You could fill a book with Ginsberg anecdotes of this sort. (The stories about him removing his clothing at one public gathering or another would by themselves make up a long chapter.) What is remarkable is not that Ginsberg has advertised himself with such arrogance and audacity, but that it has worked like a charm; thanks to such shameless scene-stealing antics, he has attained a measure of fame that he could never have secured by his poetry alone. He is, unarguably, the only poet in America who is not just a member of the august American Academy of Arts and Letters but a bona fide celebrity, the sort who appears on network talk shows. He is idolized by English professors as well as rock stars, and associates comfortably with both groups. He is truly famous.

The Collected Poems 1947-1980 is the ultimate testimony to this fame. Two inches thick, clad in a bright, firetruck-red wrapper, this imposing tome, like its author, stands out big and brash among its fellows, demanding to be recognized. Its message could not be more obvious: that this poet, whose verse has heretofore been packed into numerous shoddy little small-press volumes, henceforth belongs to the ages. What’s more, the Collected Poems is only the first step in what amounts to the mainstream press’s canonization of Allen Ginsberg. In the words of the publicity flyer accompanying the review copy, Harper & Row will, in the fullness of time, “make available [Ginsberg’s] journals, letters, literary essays, and lectures on American literature, as well as a new collection of poems scheduled to coincide with his sixtieth birthday in 1986.” What poet, living or dead, has been treated so reverently by Publishers’ Row? There can be no denying it hereafter: Allen Ginsberg, who rose to renown as the outspoken enemy of the Establishment, and the most prominent feature of whose poetry has always been its hostility to the order of things in the United States of America, is now the Republic’s premier Establishment poet.

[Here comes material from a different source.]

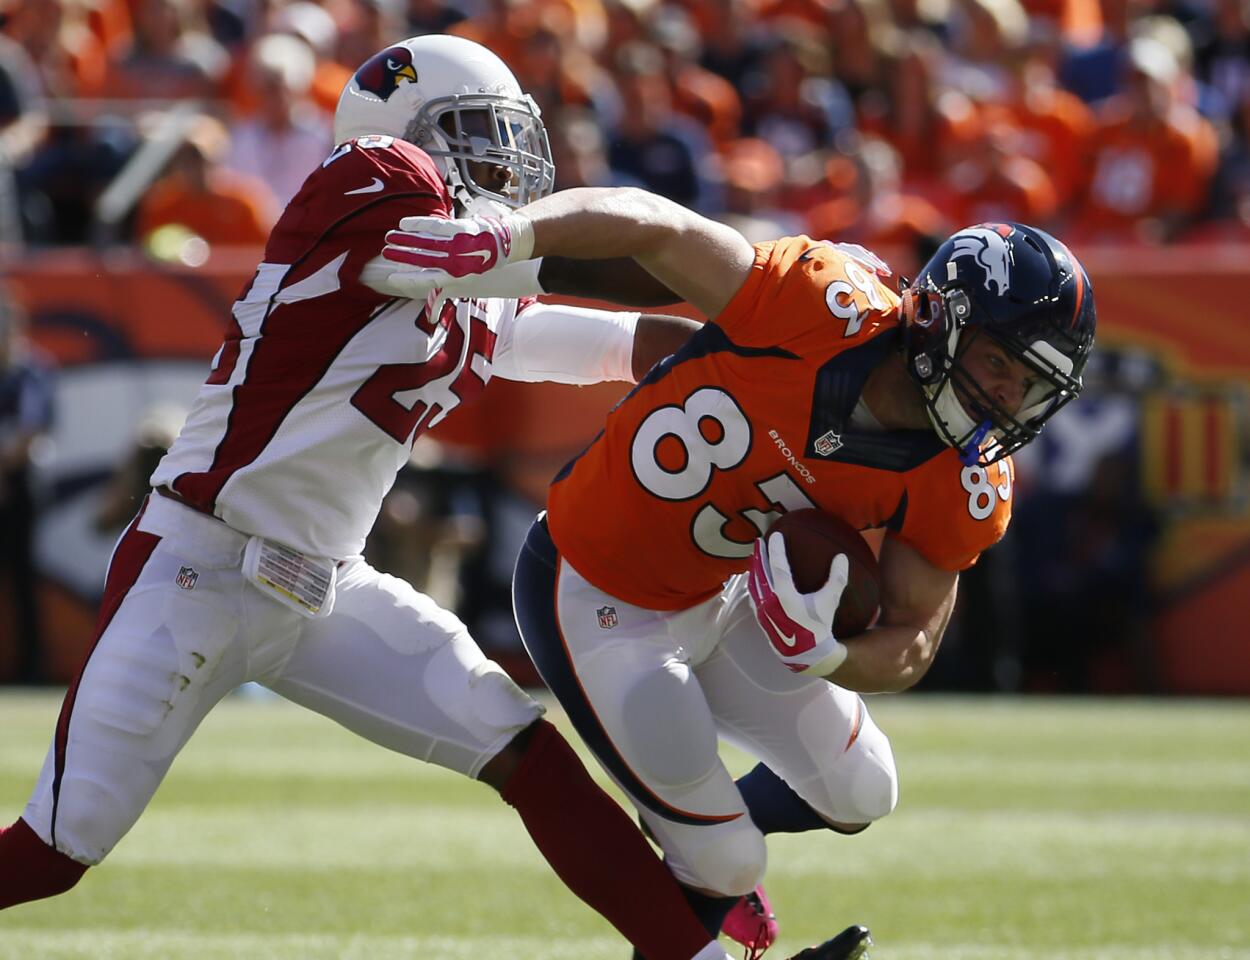 Denver Broncos wide receiver Wes Welker (83) is tackled by Arizona Cardinals cornerback Jerraud Powers during the first half of an NFL football game on Oct. 5, 2014. Welker not only showed up at Del Mar in 2013, but he also had a horse named Undrafted that ran that day, according to the San Diego Union Tribune.

Ginsberg’s parents, at least, would have been happy. And if there is anything in America that Allen Ginsberg has not rebelled against in his three decades as the amazingly tireless (and drearily tiresome) Poet of Protest, it is his parents. Ginsberg’s father, Louis, was a poet—a premodernist rhymester, to be sure, but a poet; his mother, Naomi, was a Communist agitator whose paranoid psychosis (as any reader of “Kaddish” knows) eventually necessitated her commitment to a mental institution. Poetry, paranoia, protest: this was the mixed legacy of Ginsberg’s parents, and it is a legacy to which Ginsberg—who has dedicated his Collected Poems to their memory—has been eternally and entirely faithful. When, at age sixteen, he left their Paterson, New Jersey, home to attend Columbia University, Ginsberg took up studies in literature, his father’s field; and, just as loyally, he rejected the opportunity that Columbia offered to breathe sane air for the first time in his life. Rather—in a clear attempt to cultivate a Naomi Ginsberg-like rebelliousness—Ginsberg took up with the Beats.
Or, more precisely, the as-yet-unknown Beats-to-be. At first, in addition to Ginsberg, there were three of them: Jack Kerouac (a middle-class boy who lived with his mother in Ozone Park, Queens), William Burroughs (an heir to the gigantic corporation of the same name), and Lucien Carr (a slim, handsome student at Columbia). Though they looked harmless enough, Kerouac, Burroughs, and Carr had the same problem Ginsberg did: they craved chaos. They looked down upon the society in which they lived, for no other reason than that, like any other nonanarchic society, it had laws, a government, a way of life; they considered the classical, intellectually oriented education offered at Columbia to be pointless and stifling; and they romanticized poverty, criminality, and rootlessness in a way that only naive, sheltered young men could do. They felt themselves to be geniuses—literary geniuses, to be precise—and disdained the “well-made” piece of writing as much as they did the well-ordered mind. Truly great minds, they insisted, were not sane and stable and logical, and did not express themselves in lucid, beautifully balanced sentences; instead, such minds soared above the surface of the earth, touched the stars, whirled and shook and spun erratically in the upper air. The great, in short, were always a little mad. Thus it was with genuine pride that the Beats asserted—at first to one another, and then, later, to an increasingly attentive world—their own madness.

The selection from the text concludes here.